Pop quiz! How big is the average Social Security retirement benefit? Do you know? Want to guess? It was recently $1,559 per month — or about $18,700 per year. If that doesn’t sound like a lot to you, you’re right — it isn’t. Consider, for example, that the Federal Poverty Level threshold for individuals in 2021 is just $12,880, and the threshold for couples is $17,420 — not far from that average Social Security benefit. In truth, Social Security only delivers about 40% of pre-retirement income for those with roughly average earnings.
Clearly, anything we can do to make our benefit checks bigger will be well worth considering — especially those things best done well before retiring. Here are five ways to beef up those benefits.\
1. Work longer
For starters, consider working longer than you may have planned to work — if you can. This offers multiple upsides: For one thing, the longer you work, the shorter your retirement will be, meaning that your nest egg will have to support you for fewer years.
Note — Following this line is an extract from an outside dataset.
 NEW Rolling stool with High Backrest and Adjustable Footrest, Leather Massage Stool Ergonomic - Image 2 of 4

Working longer also means you may be able to sock away more money for retirement — so with a larger nest egg that will support you for fewer years, you’ll be in a better financial condition come retirement.
You may also be able to remain on your employer’s healthcare plan longer, which might save you a lot of money. (Remember that for many people, healthcare costs are one of the biggest expenses in retirement.)
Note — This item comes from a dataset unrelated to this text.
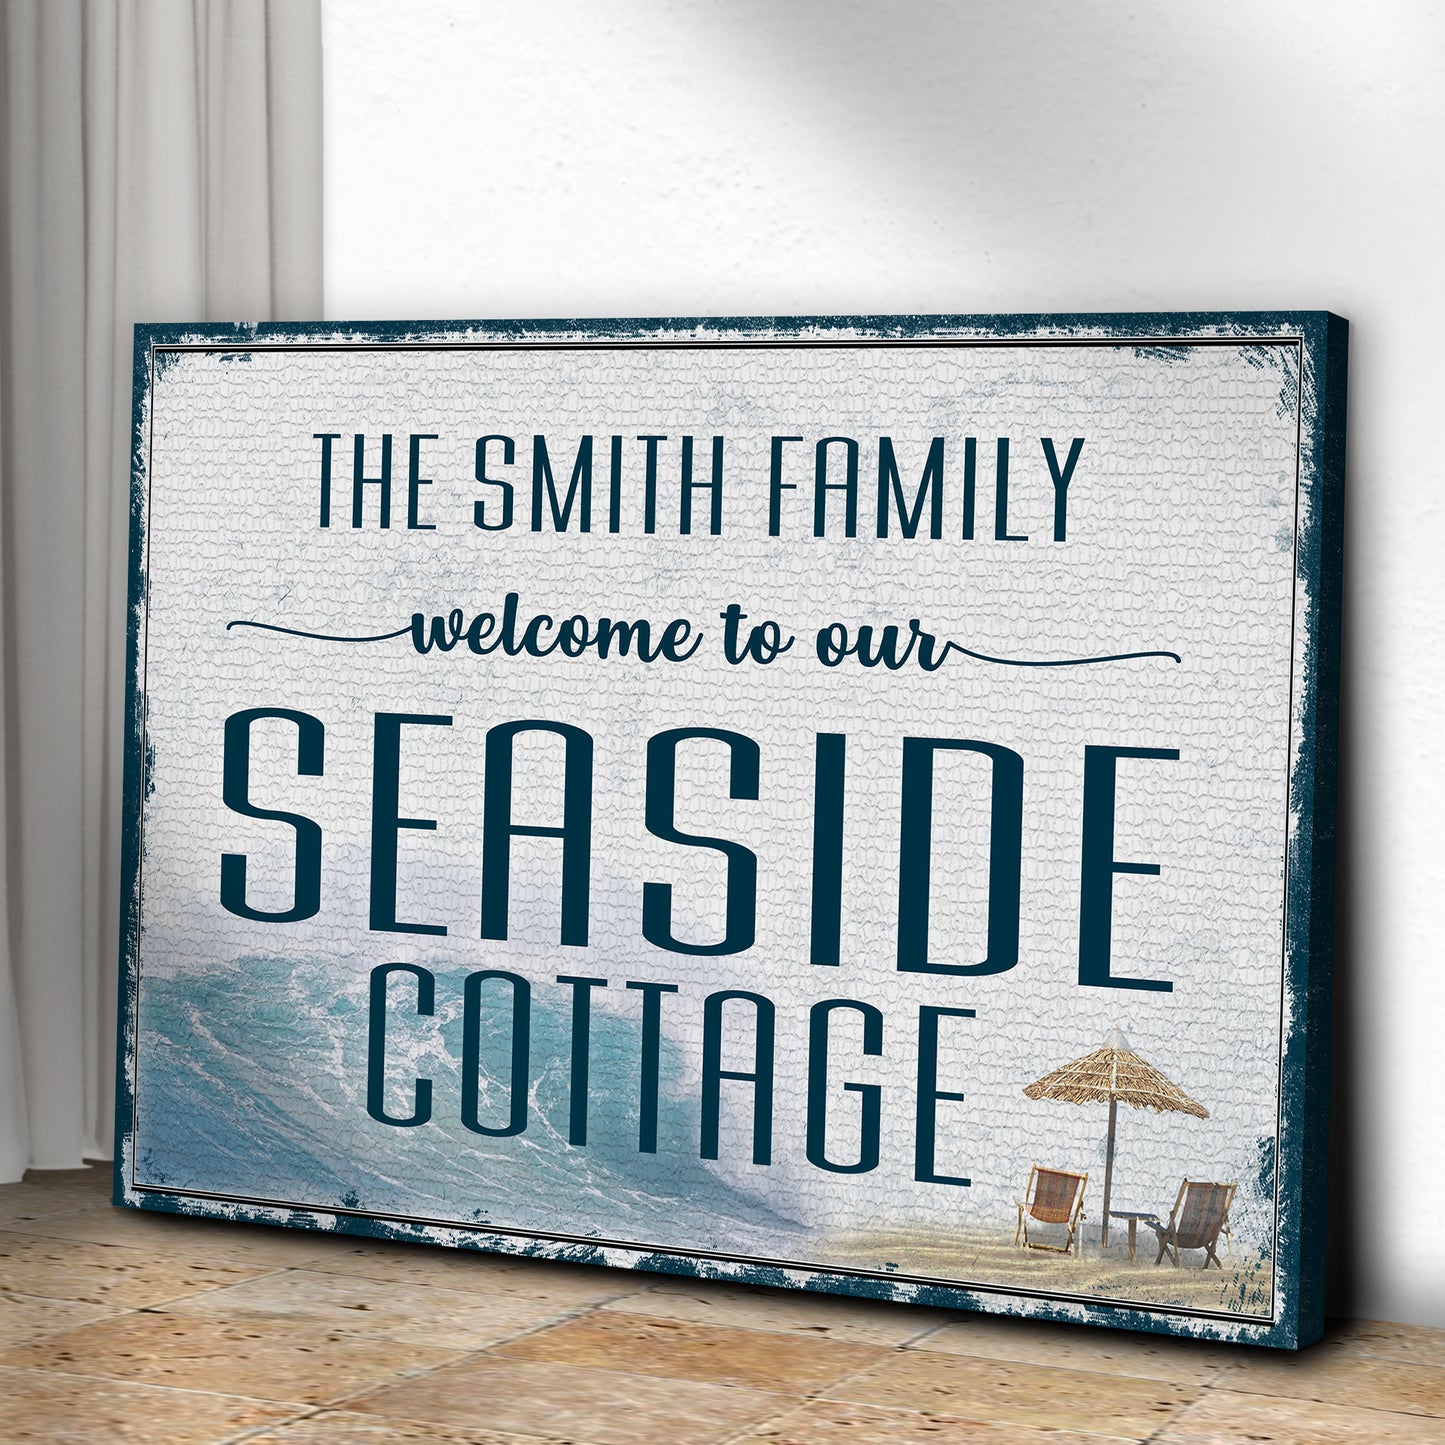 Seaside Cottage Sign - Image by Tailored Canvases

Start Collecting at: | Full Retirement Age of 66 | Full Retirement Age of 67 |
---|---|---|
62 | 75% | 70% |
63 | 80% | 75% |
64 | 86.7% | 80% |
65 | 93.3% | 86.7% |
66 | 100% | 93.3% |
67 | 108% | 100% |
68 | 116% | 108% |
69 | 124% | 116% |
70 | 132% | 124% |
If you can delay and you stand a decent chance of living a longer-than-average life, delaying can be a smart move, beefing up your benefit checks. Remember, though, that while starting early leaves you with smaller checks, you’ll get many more of them; for those who live average-length lives, when you start collecting will make much less of a difference. Starting early does make sense for plenty of people.
3. Earn more
Remember that the formula used to calculate your benefits is based on your earnings history — specifically on the 35 years in which you earned the most (adjusted for inflation and averaged). So do try to work for at least 35 years to avoid having any zeroes factored into the calculation.
Better still, if you’re not already doing so, try to earn as much as you can from year to year. Higher earnings will mean higher benefits in the future. While the average retiree is collecting less than $20,000 per year from Social Security, plenty of retirees are collecting more than $30,000. If you’re currently earning more than you ever did (adjusted for inflation) and you’ve worked for 35 years, each additional year you work now will kick out the lowest-earning year from the benefit calculations, increasing your checks.
4. Coordinate with your spouse
Coordinating with your spouse can also help increase the Social Security benefits flowing into your household. If you both can’t delay until age 70 (or it doesn’t make sense for you both to), you might opt to have only the partner with the smaller earnings history start early or on time, while the higher earner tries to delay until age 70, to maximize that benefit. This is an especially effective strategy for those couples with very different earnings history, because when one spouse dies, the other gets to receive their own benefit or their spouse’s — whichever is bigger.
5. Move where your benefits won’t be taxed
Finally, if you live in a state that taxes your Social Security benefits significantly, you might consider moving to a state that doesn’t tax benefits. Recently, 13 states taxed benefits while 37 states didn’t. Look into what the latest tax rates are in your state, though, because they can change from time to time. And some states that tax benefits only tax at a very small rate or only tax higher earners.
It’s worth learning more about Social Security now, so that you’ll be able to make smart decisions regarding it throughout your life. Don’t just plan to accept whatever benefits come your way, because the size of your ultimate benefit check is under your control to a meaningful degree.